Life Before Kinkos
Sunday, October 1, 2006
Welcome to the Letterati Lounge and nice of you to visit. This is a place to find and share comments, questions and ideas about typography, words, images and books and anything related. I am beginning this blog after signing on to teach a 12 week course on Book Design for a 2nd year Typography course at a local community college. I foresee this as an open invitation for my students and any others interested in books, type and design to read and contribute to the discussions you find here in the months ahead. Learning is about sharing and stretching our imaginations with new ideas.
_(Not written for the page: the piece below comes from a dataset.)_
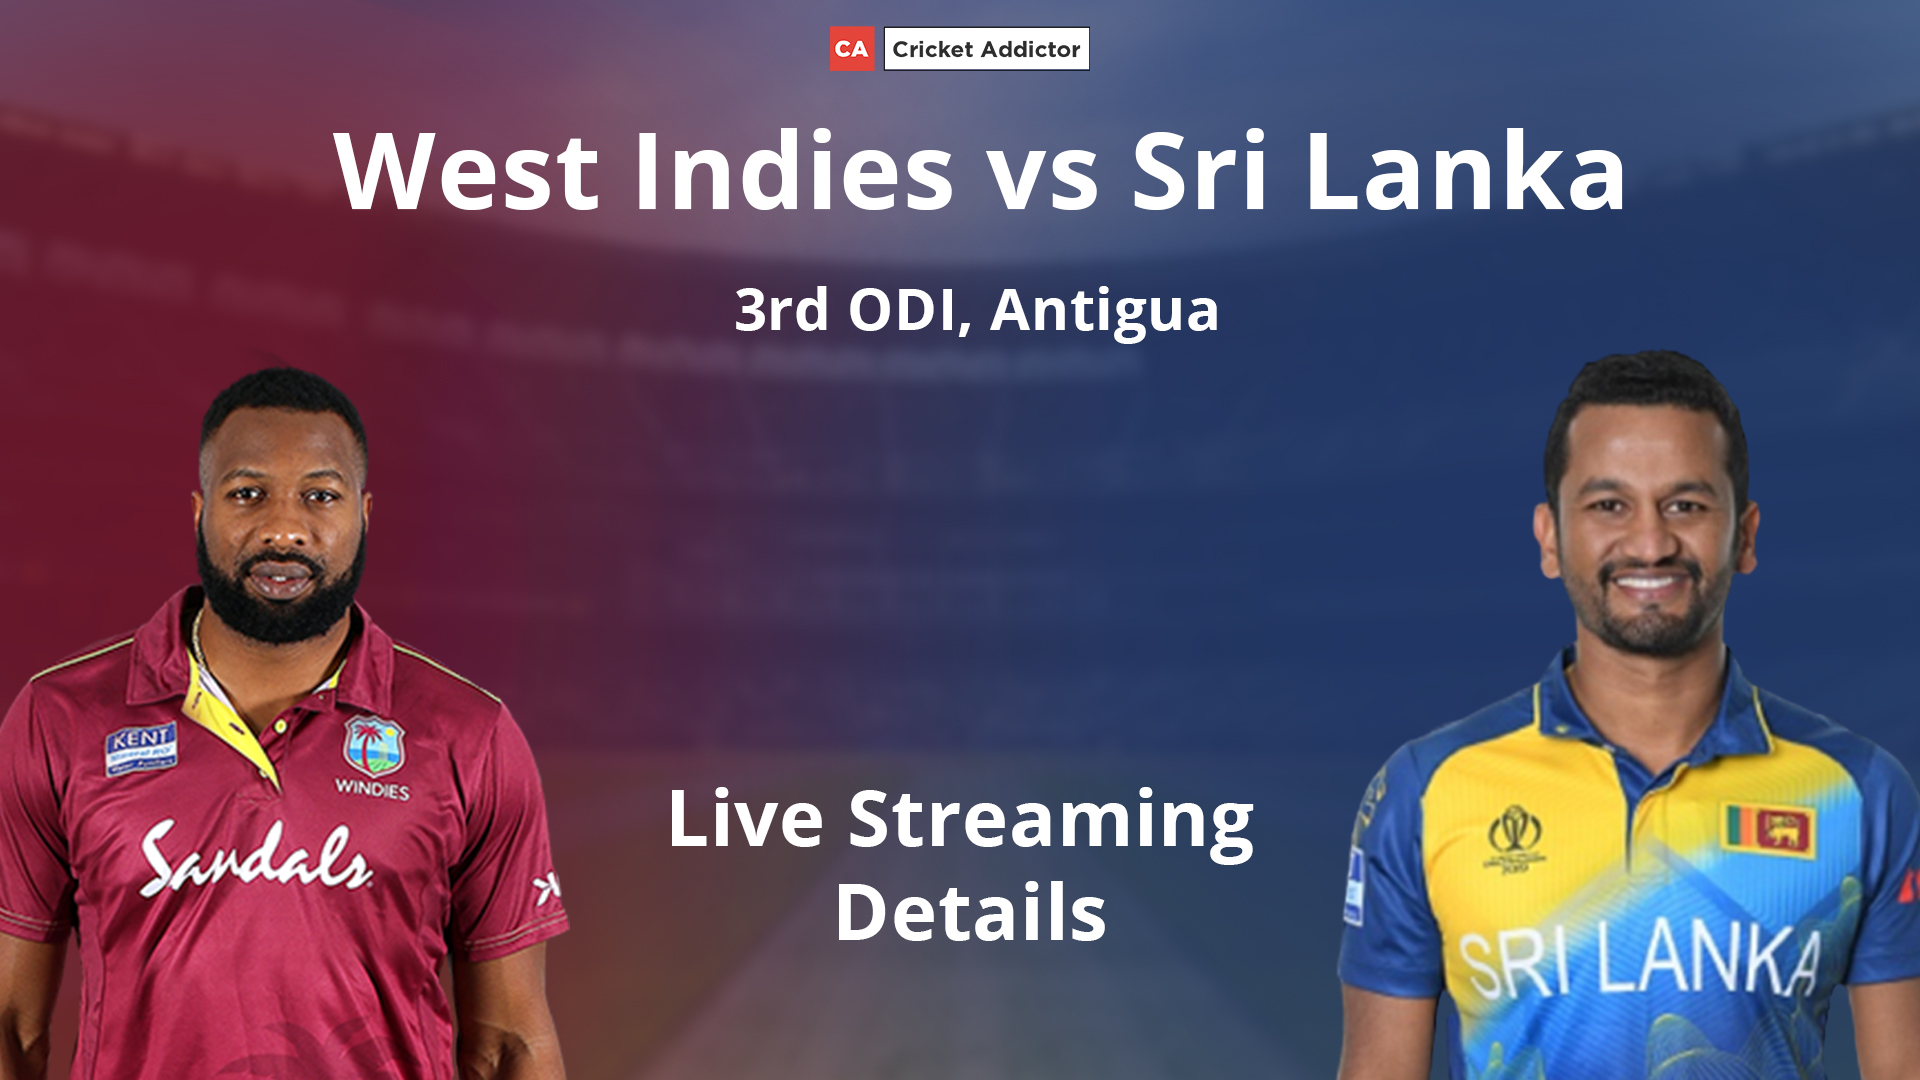 West Indies vs Sri Lanka 2021, 3rd ODI: When And Where To Watch, Live Streaming Details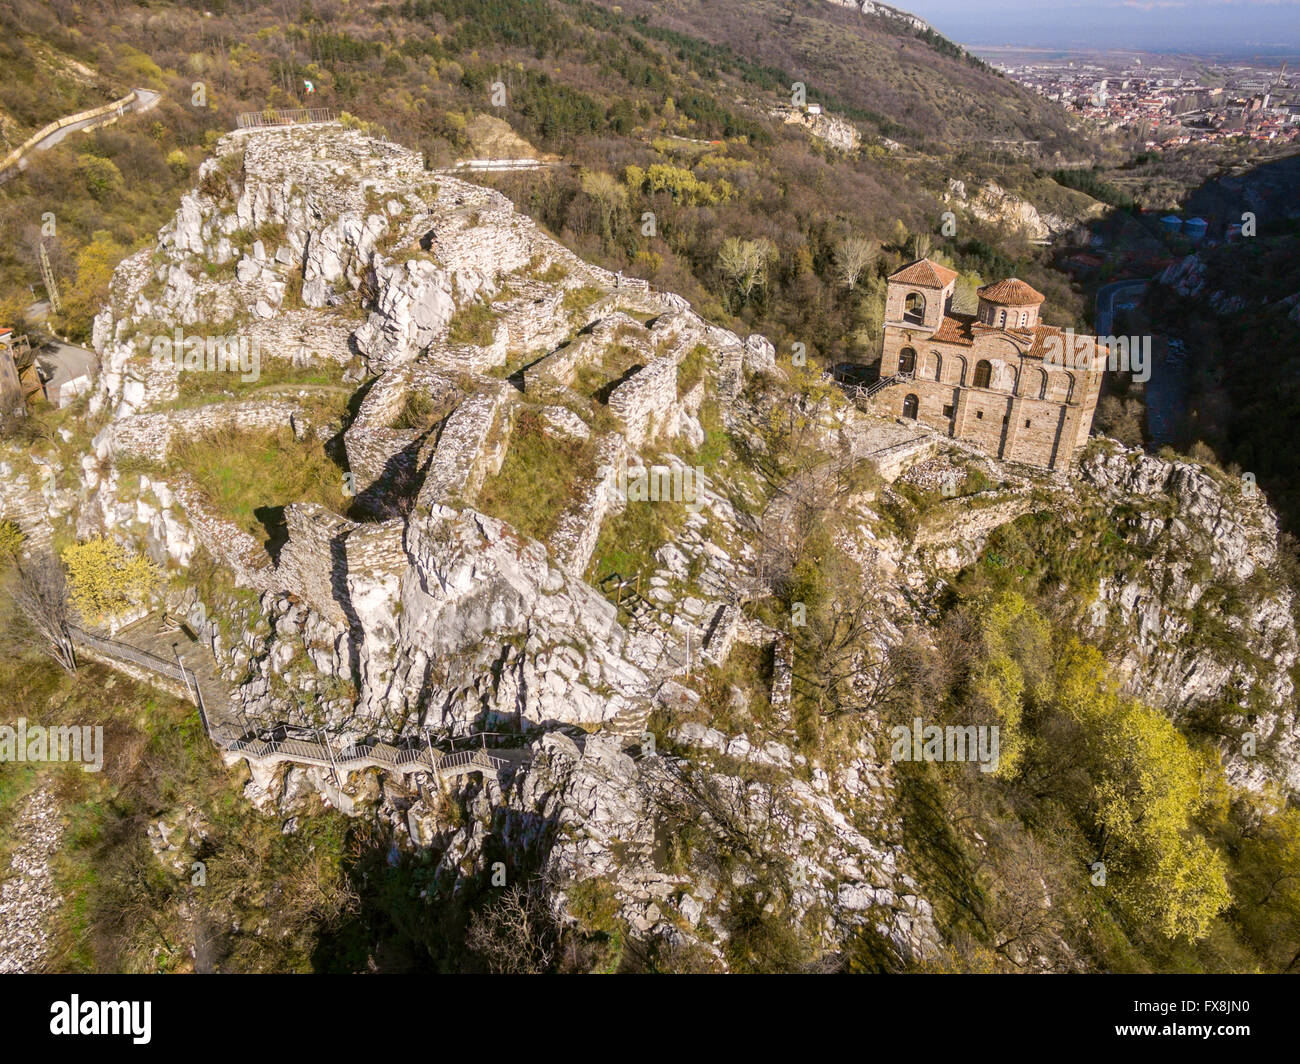 Areal veiw of the Asen's fortress and the Virgin Mary church with Asenovgrad city in the background. Stock Photo

In the words of Oliver W. Holmes, “Man’s mind, stretched to a new idea, never goes back to its original dimension.” This will be a voyage of discovery for us all! Especially as I have much to learn about administering this site yet…
I will open my inaugural post today with an email my friend Bonnie shared with me. It is a short commemoration to Herr Gutenberg, the printer who first published a book with movable type. It is a mere 554 years ago today that he published his first section of the Gutenberg Bible in Mainz, Germany in 1452.
“At the time, all existing books were copied out by hand, and in order to be as efficient as possible, scribes had developed a way of writing that was full of abbreviations. Words were written in a dense cursive script, and there was very little space between letters or even words on the page.
It was Gutenberg’s genius to imagine an entirely different way of writing, in which all the individual letters would be distinct from each other, rather than connected. That way, he could produce individual blocks with letters on them. He fitted these letter blocks into a frame, coated them with an ink made of linseed oil and soot, and then used an adapted wine press to print text on paper. The revolutionary effect of movable type was the ability to print an infinite number of pages from a small number of letter blocks simply
by rearranging them. Within three decades there were print shops all over the European continent. It is estimated that more books were produced in the 50 years after Gutenberg’s invention than scribes had been able to produce in the 1,000 years before that. Today, about four dozen copies of the Gutenberg Bible survive. One of the most recent copies to come on the market was auctioned in New York in 1987. It consisted of only the first volume, but it was in good condition, and it sold at auction for more than five million dollars.”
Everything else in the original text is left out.